# [Data extract]
· · ·

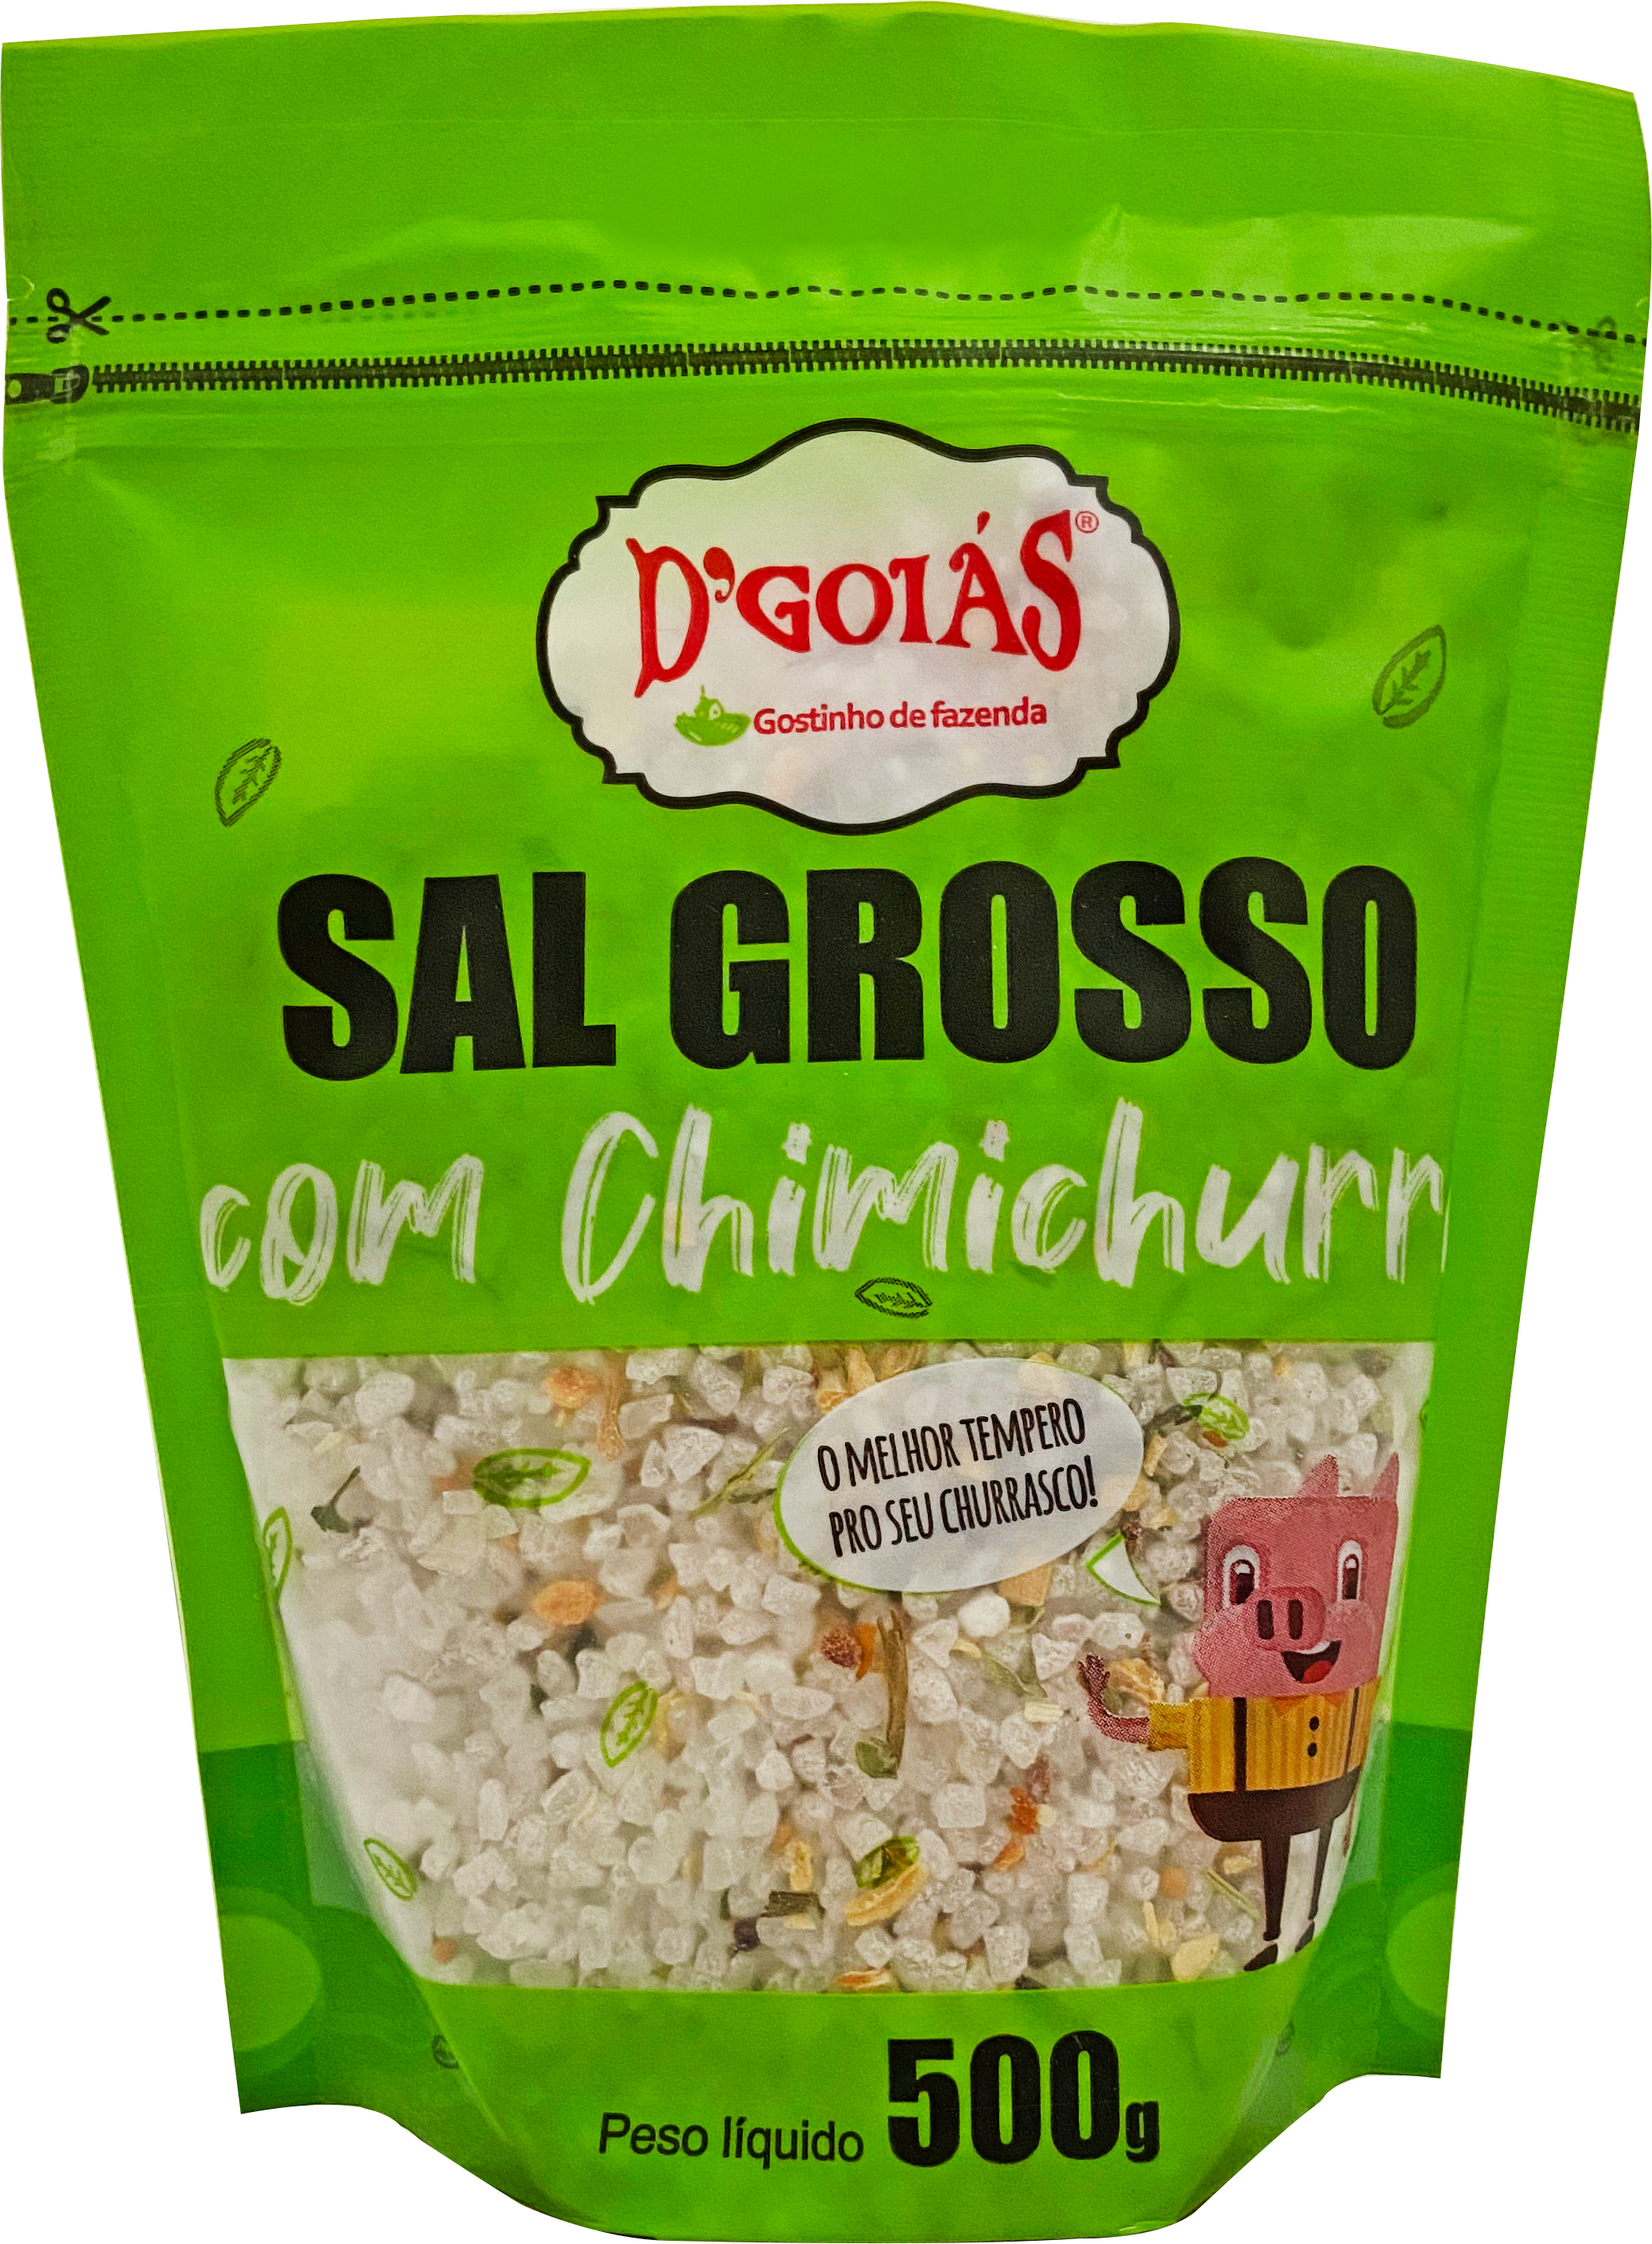 D'GOIAS - BBQ Salt - Chimichurri 500g
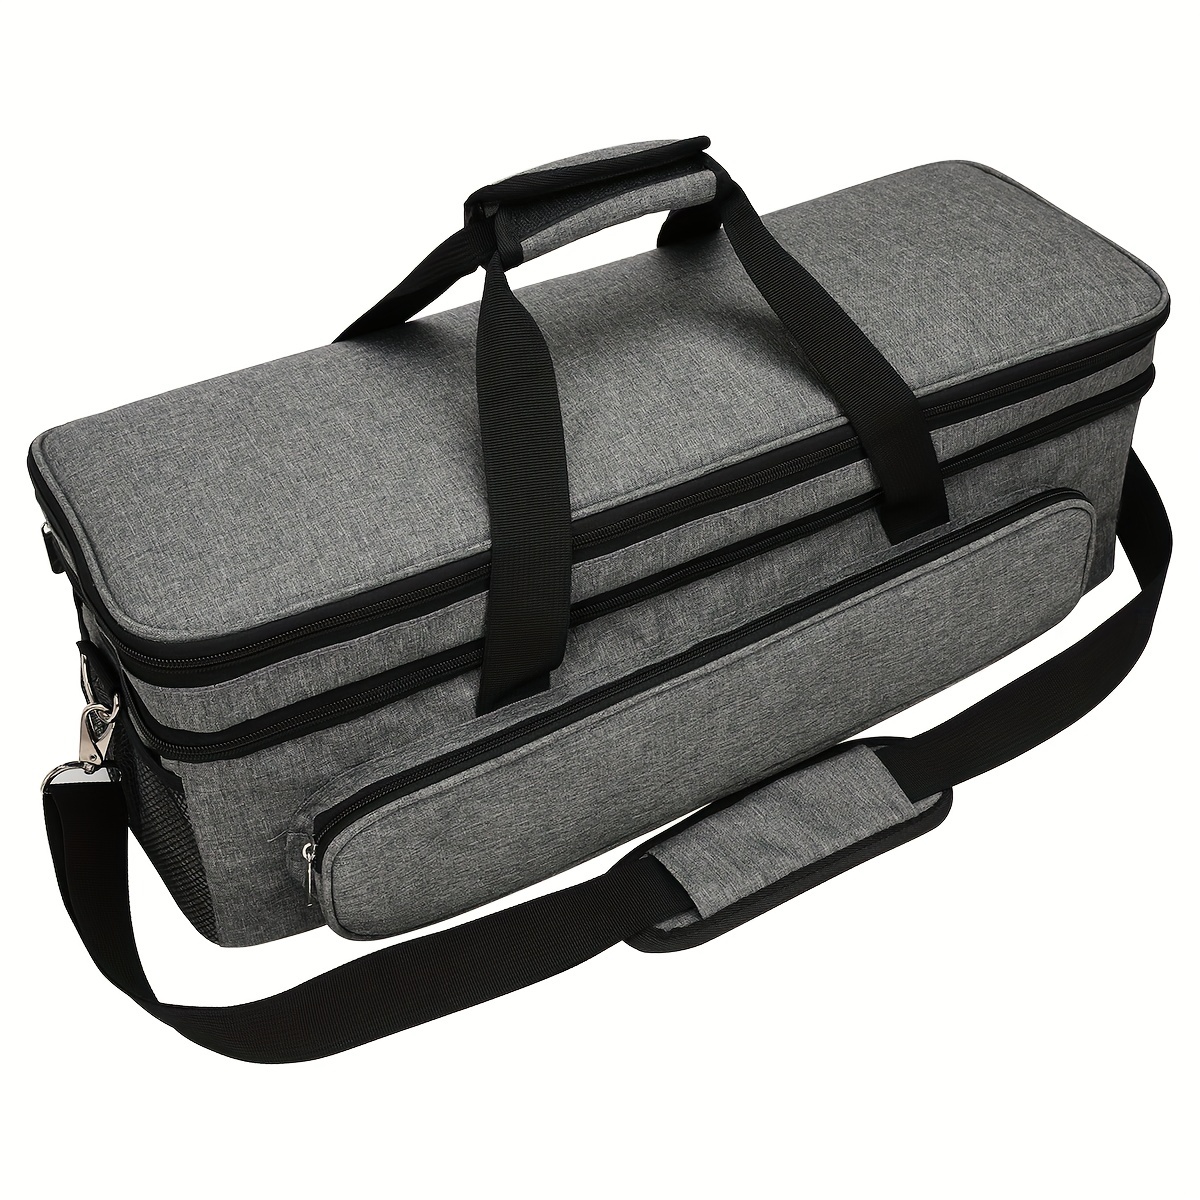 New Carrying Case Compatible With Cricut Maker 3, Cricut Explore 3,Cricut
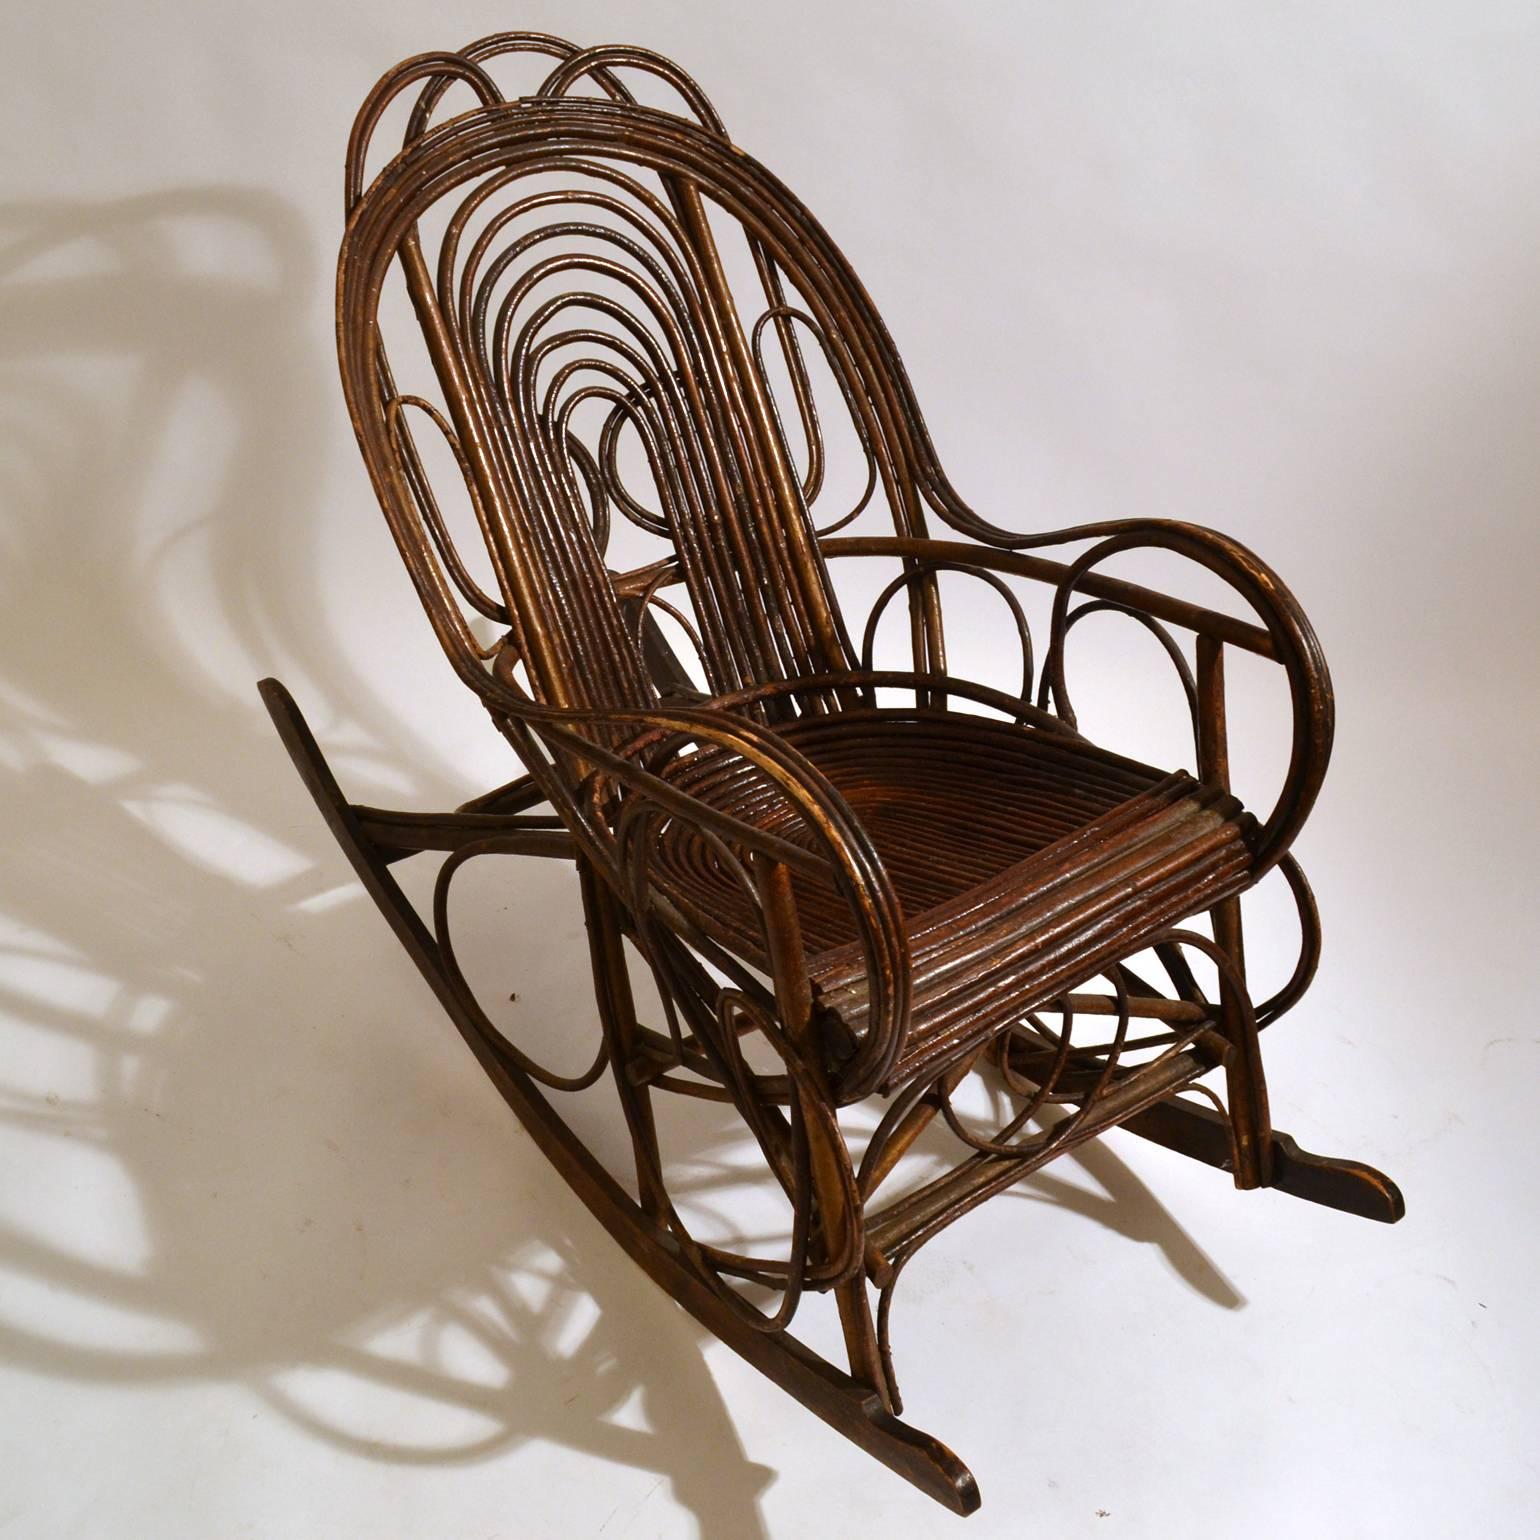 Scandinavian Modern Rocking Chair in Bentwood Willow, Swedish, 1900-1920

· · ·

# [Task directions]
An exact copy of the listing is required, excluding any pictures.

# [Written response]
 D'GOIAS - BBQ Salt - Chimichurri 500g
 New Carrying Case Compatible With Cricut Maker 3, Cricut Explore 3,Cricut
 Scandinavian Modern Rocking Chair in Bentwood Willow, Swedish, 1900-1920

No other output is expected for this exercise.